The European Court of Justice (ECJ) is forcing Britain’s small and medium-sized enterprises to face the prospect of a multi-billion pound bill for back-dated holiday pay which could send many companies out of business.
EEF, a manufacturers’ organisation, is warning that the government must introduce emergency legislation following a series of ECJ rulings which will allow workers to claim for holiday pay and overtime as far back as 1998, the year the EU’s Working Time Directive came into force.
The rulings are all related to the British interpretation of the directive which granted every worker four weeks’ paid leave, with UK law increasingly out of step with that of Europe.
“This is potentially catastrophic for companies who have been fully compliant with UK law, yet now find themselves in a position which they could not have foreseen,” a spokesman for the organisation said. He urged the government to bring forward legislation limiting the backdated liability companies will face.
According to EEF calculations, an average cost for a company with a turnover of £30m will be a £2.5m bill for holiday back-pay, as well as potential National Insurance and pension contributions which could add an extra £250,000 to the bill.

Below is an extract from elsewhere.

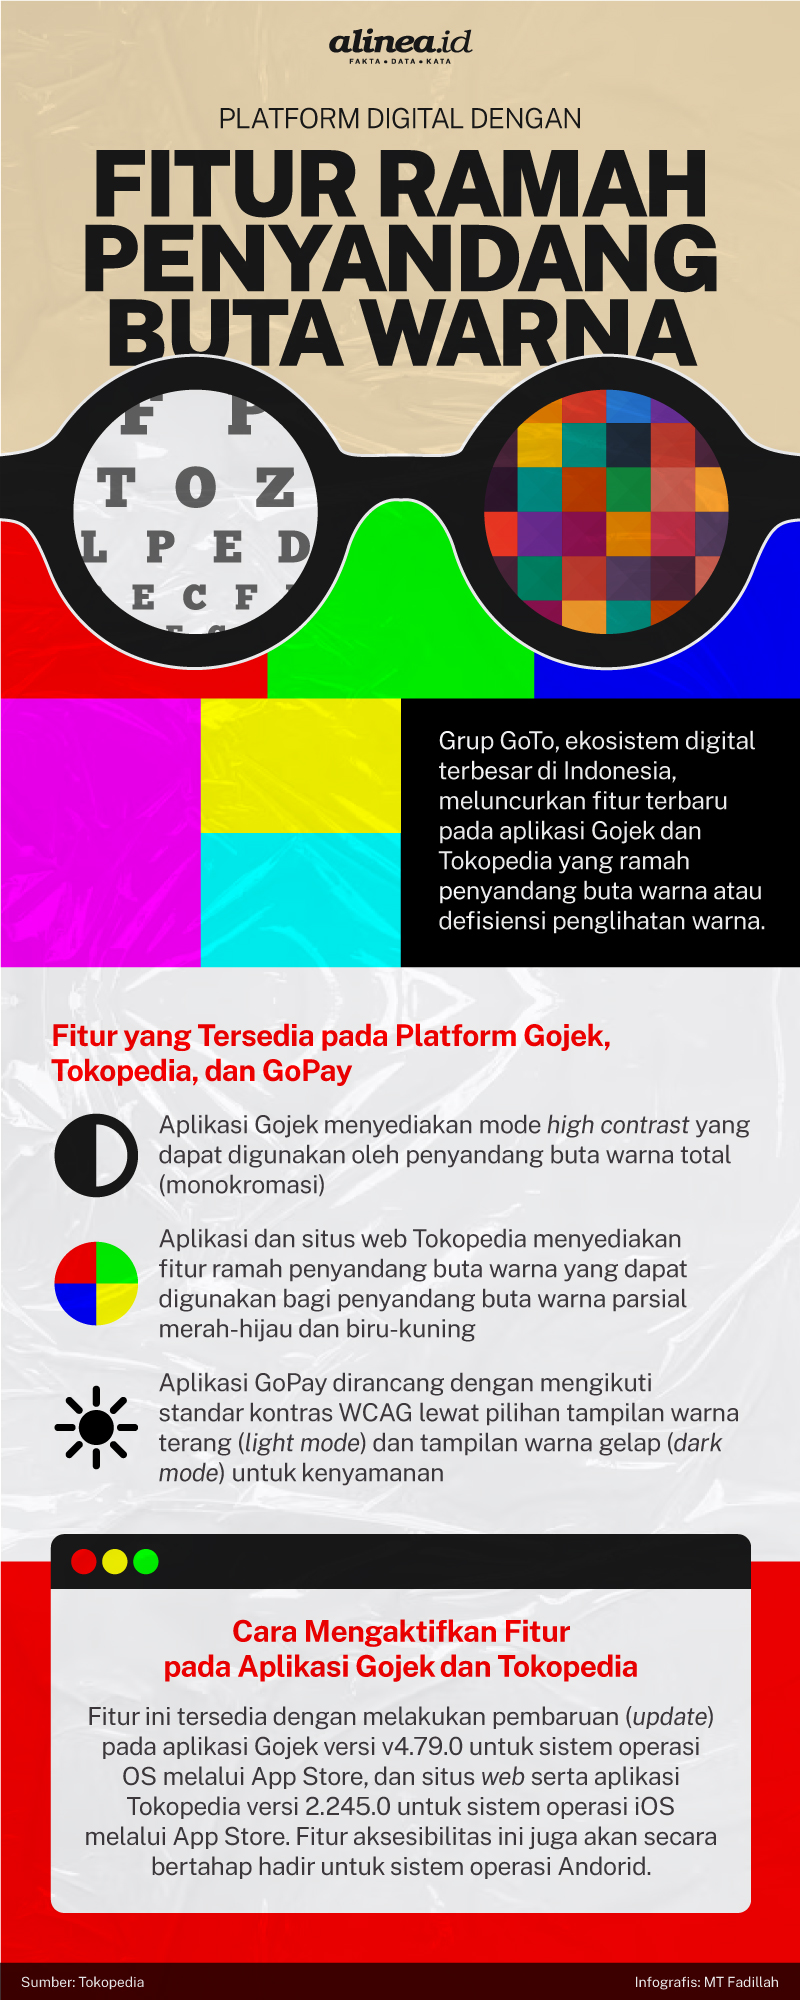 Infografik platform digital dengan fitur ramah penyandang buta warna. Alinea.id/MT Fadillah.

Over a four year period SME companies could face potential costs of £4m. The EEF estimates that complying with the ruling from now on is likely to add an extra 4 per cent to a company payroll.
This follows a related ECJ employment law decision which ruled that workers who earn commission pay are entitled to receive commissions even while on holiday.
The Wall Street Journal summed up the judgment: “Taking vacations and receiving ‘normal’ pay on vacations are ‘rights’ protected by European law, the court reasoned.
“Therefore, depriving workers in Mr. Lock’s [the plaintiff’s] situation of commission pay during holidays discourages them from exercising their sacred right to relax on a beach. Never mind that the purpose of commission pay is to create an incentive for competitive behaviour and going the extra mile.”
The court failed to specify how commissions on non-existent sales should be calculated, leaving the door open to further litigation by employees against companies, another EU-blow to British SMEs.